Studio album by José José
- Released: November 29, 1983
- Recorded: 1983
- Studio: Sonoland Studios (Madrid, Spain)
- Genre: Latin pop (80's)
- Length: 43:21
- Label: RCA Ariola
- Producer: Manuel Alejandro

José José chronology
| Mi Vida (1982) | Secretos (1983) | Reflexiones (1984) |

= Secretos =

Secretos (Secrets) is the 19th studio album by Mexican performer José José, It was released by RCA Ariola in 1983 (see 1983 in music). It was written, produced and arranged by Manuel Alejandro. Secretos became José José's first collaboration with Manuel Alejandro on album and went on to become the most popular of Jose José's career. One of the all-time best-selling albums in Mexico, sales there vary from an estimated 2 million to as high as 5 million copies. "Secretos" reached the top of the Billboard charts. The album received 22 Platinum and Gold certifications worldwide, and achieved a nomination for Grammy Awards for Best Latin Pop Performance in the 27th Annual Grammy Awards in 1985, losing to Always in My Heart (Siempre en mi Corazón) by Plácido Domingo.

Professional ratings
Review scores
| Source | Rating |
| Allmusic | Star |

==Track listing==

| No. | Title | Length |
|---|---|---|
| 1. | "Lo Dudo" | 3:41 |
| 2. | "El Amor Acaba" | 4:20 |
| 3. | "Voy a Llenarte Toda" | 5:25 |
| 4. | "Cuando Vayas Conmigo" | 3:55 |
| 5. | "Entre Ella y Tu" | 3:35 |
| 6. | "Lágrimas" | 5:15 |
| 7. | "He Renunciado a Ti" | 3:56 |
| 8. | "Quiero Perderme Contigo" | 4:58 |
| 9. | "Esta Noche te Voy a Estrenar" | 5:08 |
| 10. | "A esa" | 3:03 |

==Secretos tracks sampled by other artists==
"Lo Dudo"

In 1998 - U.S. rapper DMX sampled the intro of romantic ballad "Lo Dudo" in his song "Let Me Fly" of which was included in his debut release It's Dark and Hell Is Hot.

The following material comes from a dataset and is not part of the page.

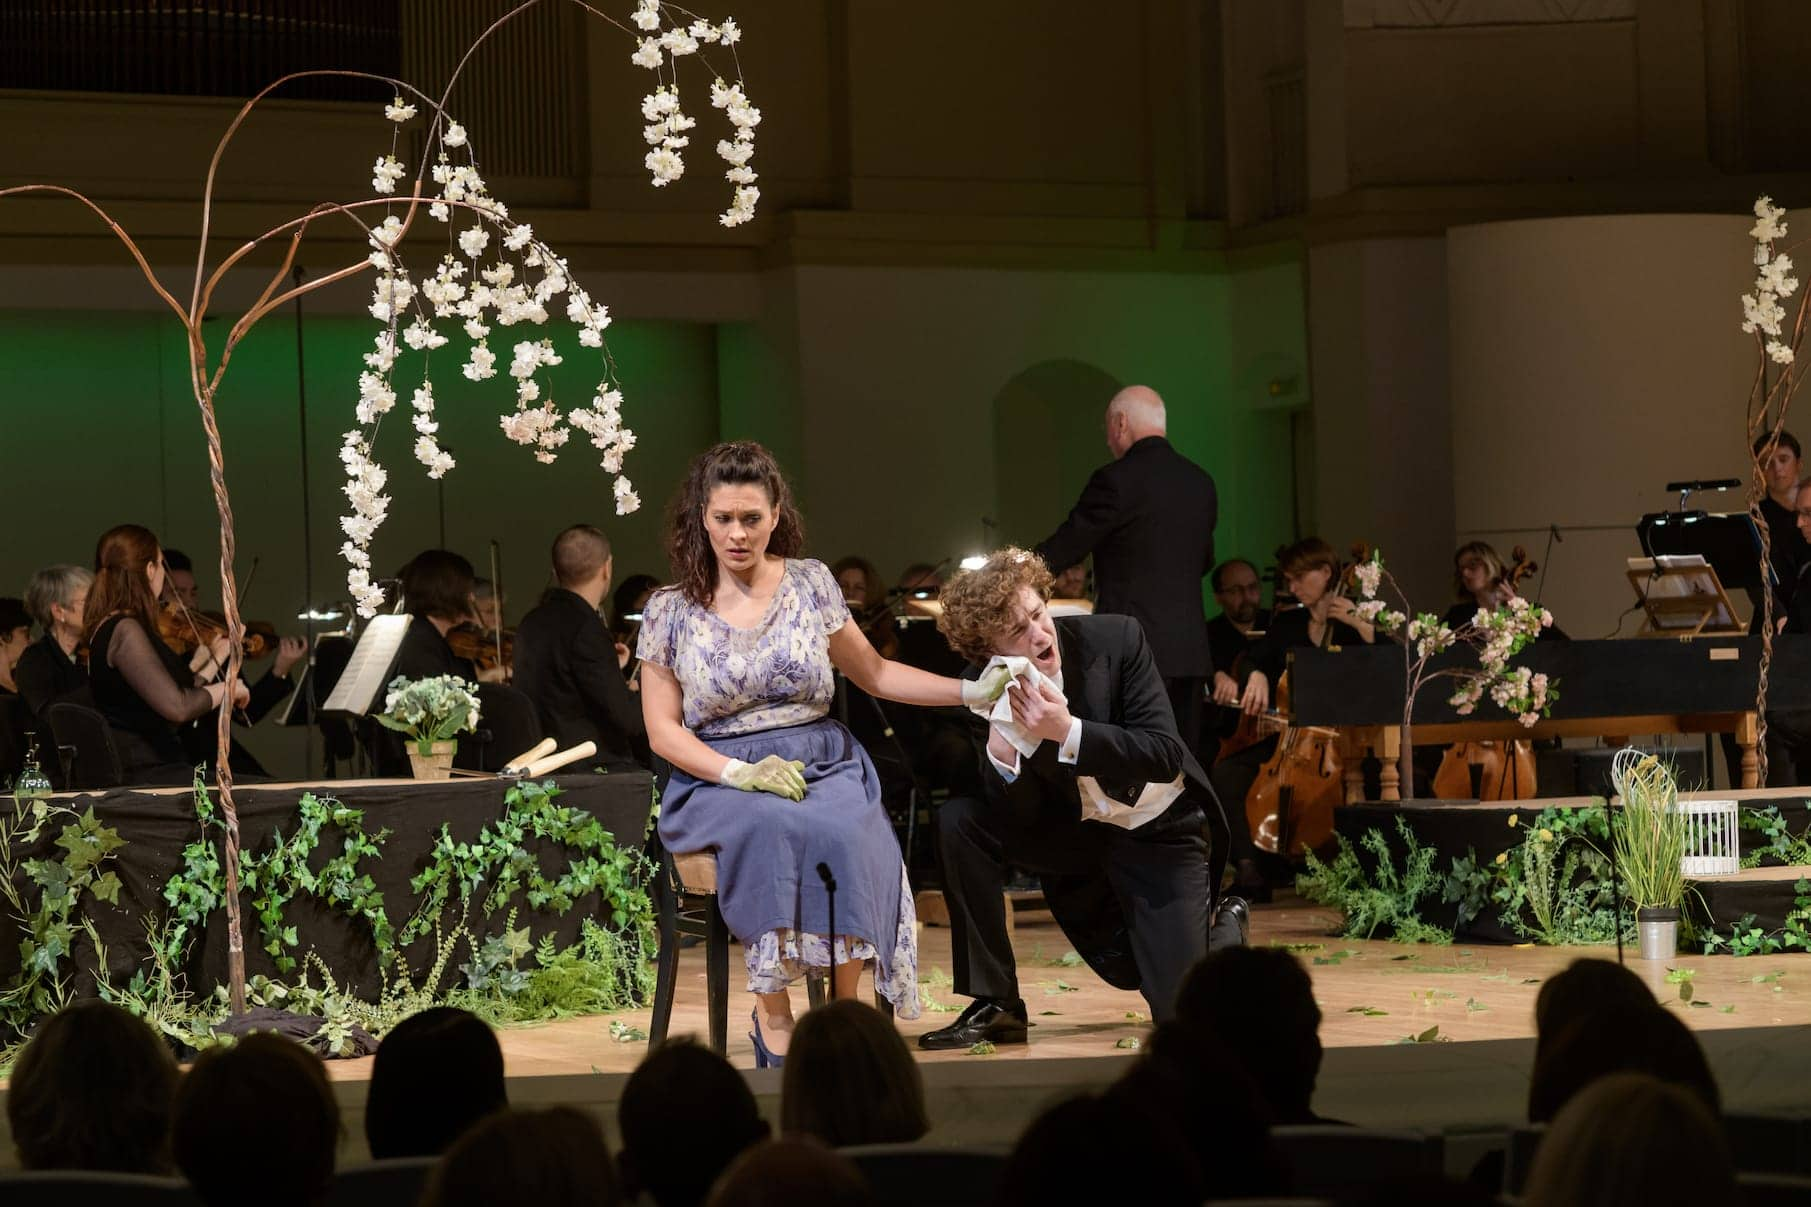 Опера Моцарта «Мнимая садовница». Виоланте - Мариасоле Майнини, Анкизе - Рори Кавер. Фото - пресс-служба МГАФ

In 2005 - Los Angeles Latin Hip-Hop duo Akwid sample the same intro yet this time with vocal audio from the original recording of which was included on their album 'Los Aguacates De Jilquilpan' on the song "Anda Y Ve, Lo Dudo".

"Cuando Vayas Conmigo"

In 1998 - New York rapper Noreaga samples the intro of this romantic ballad in his titled song "It's Not a Game".

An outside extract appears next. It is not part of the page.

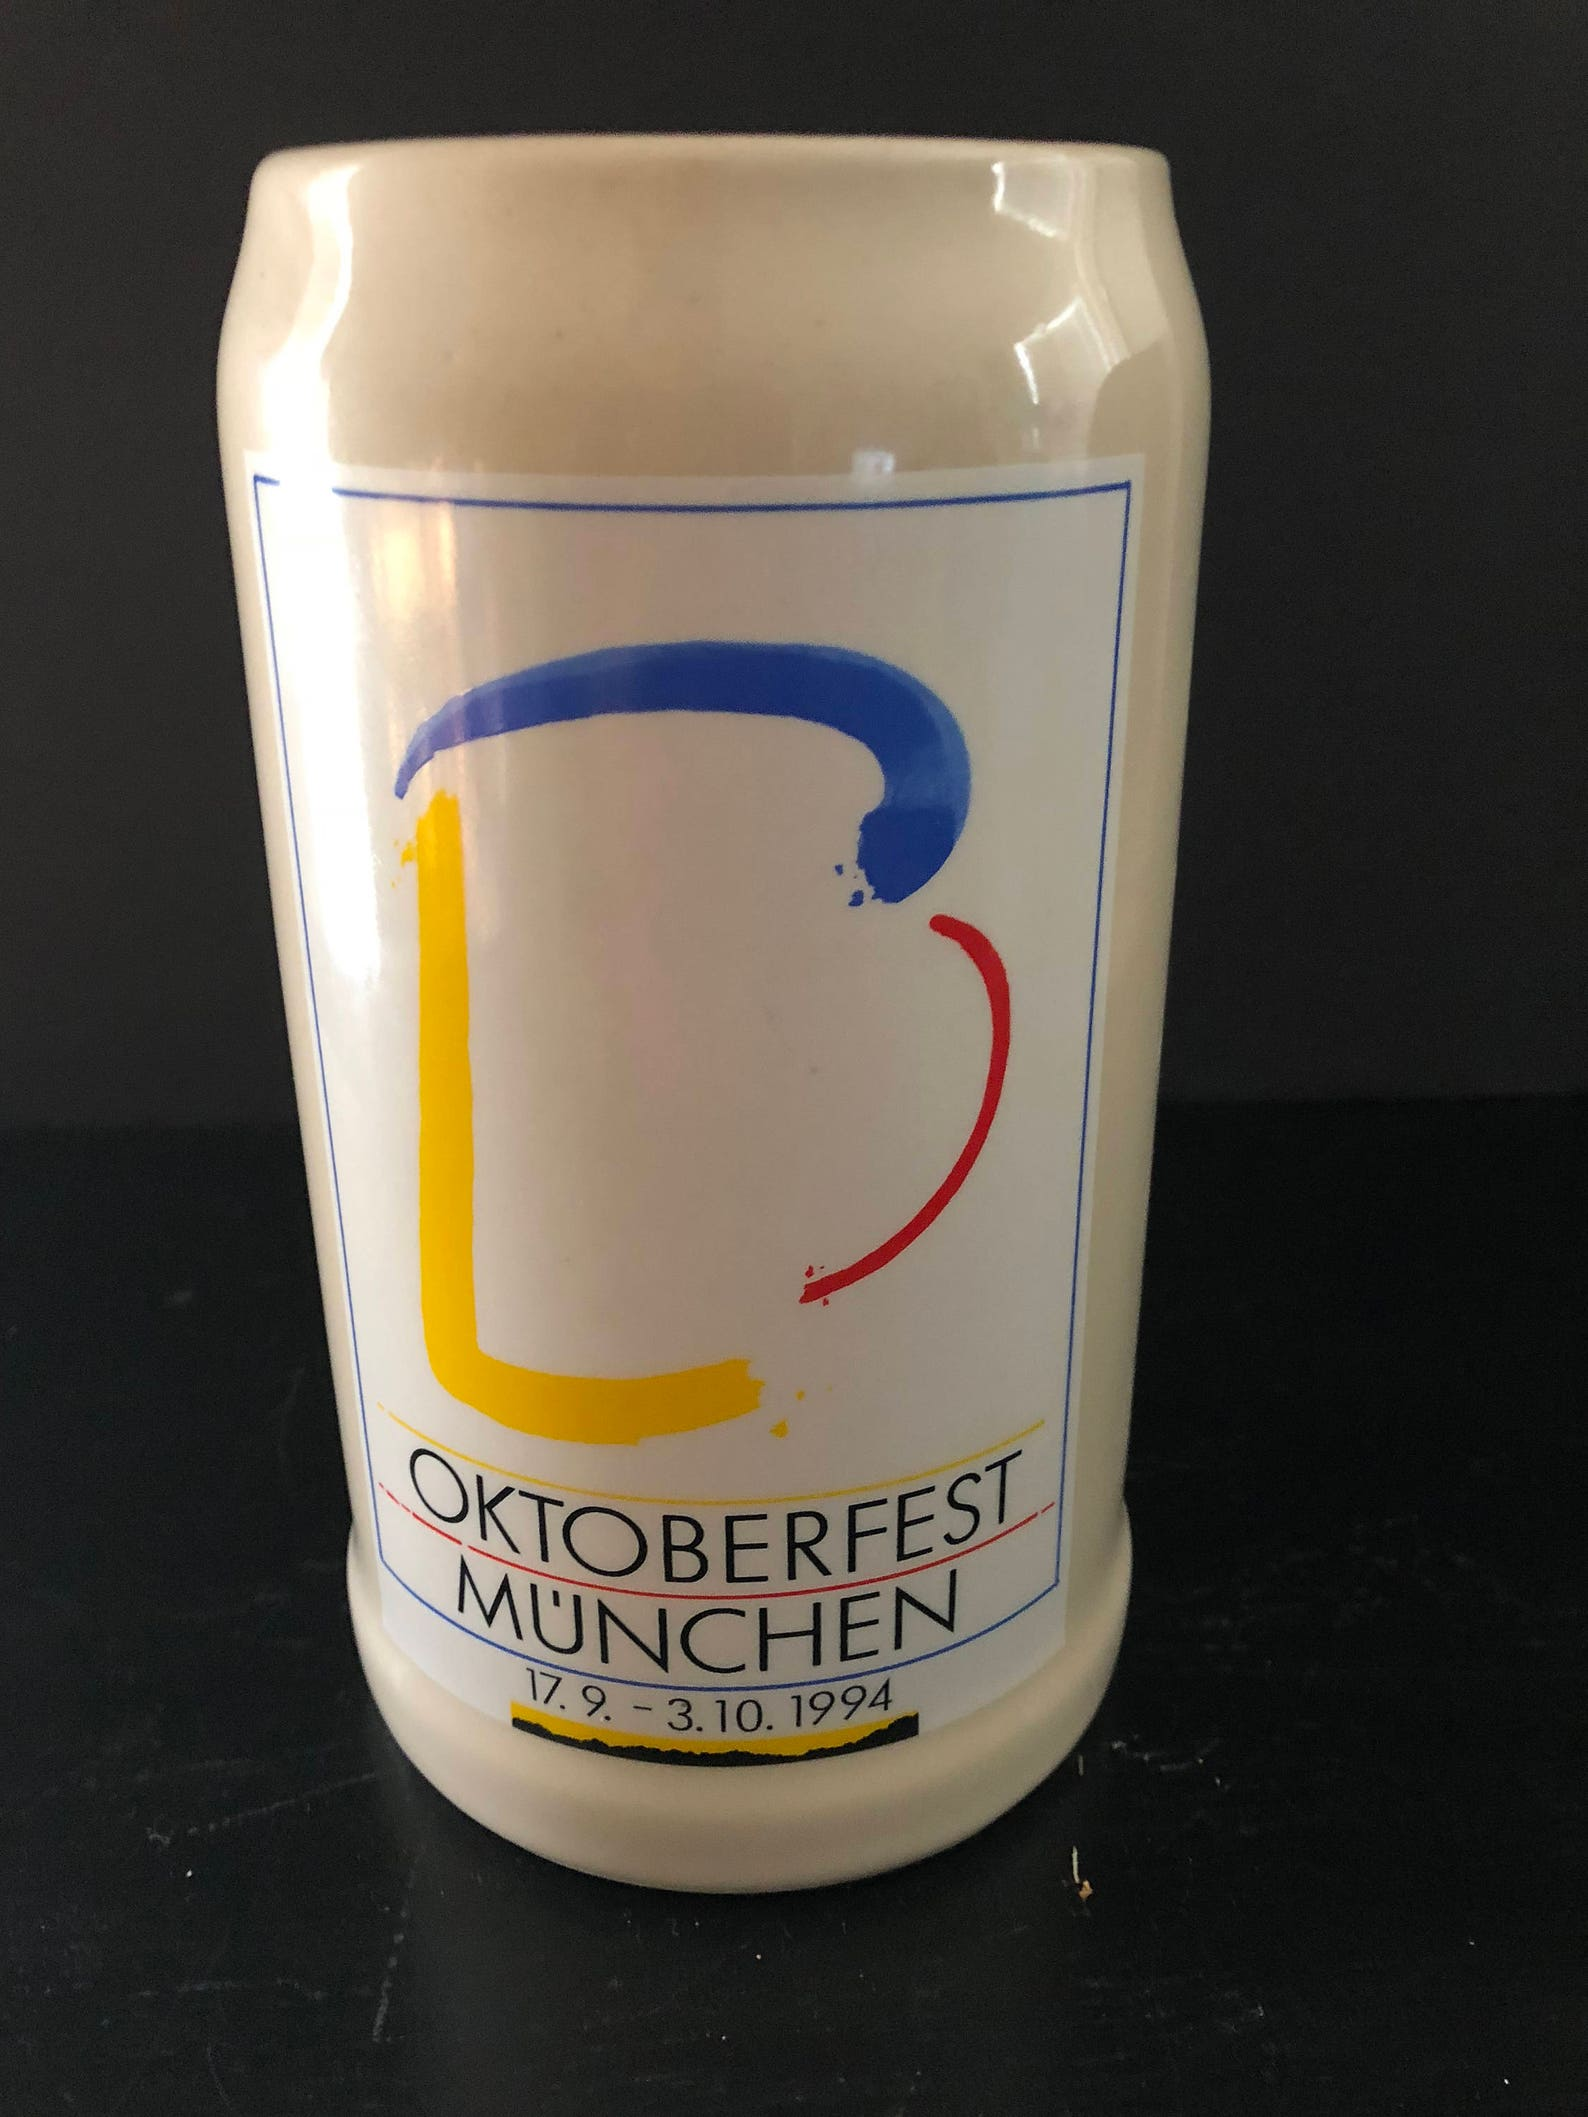 Vintage Oktoberfest Munchen beer stein, stamped and signed

==Sales and certifications==

| Region | Certification | Certified units/sales |
| Mexico Sales as of 1986 | — | 2,000,000 |
| Mexico (AMPROFON) | 2× Platinum | 500,000^{‡} |
| Spain | — | 50,000 |
| United States | — | 80,000 |
^{‡} Sales+streaming figures based on certification alone.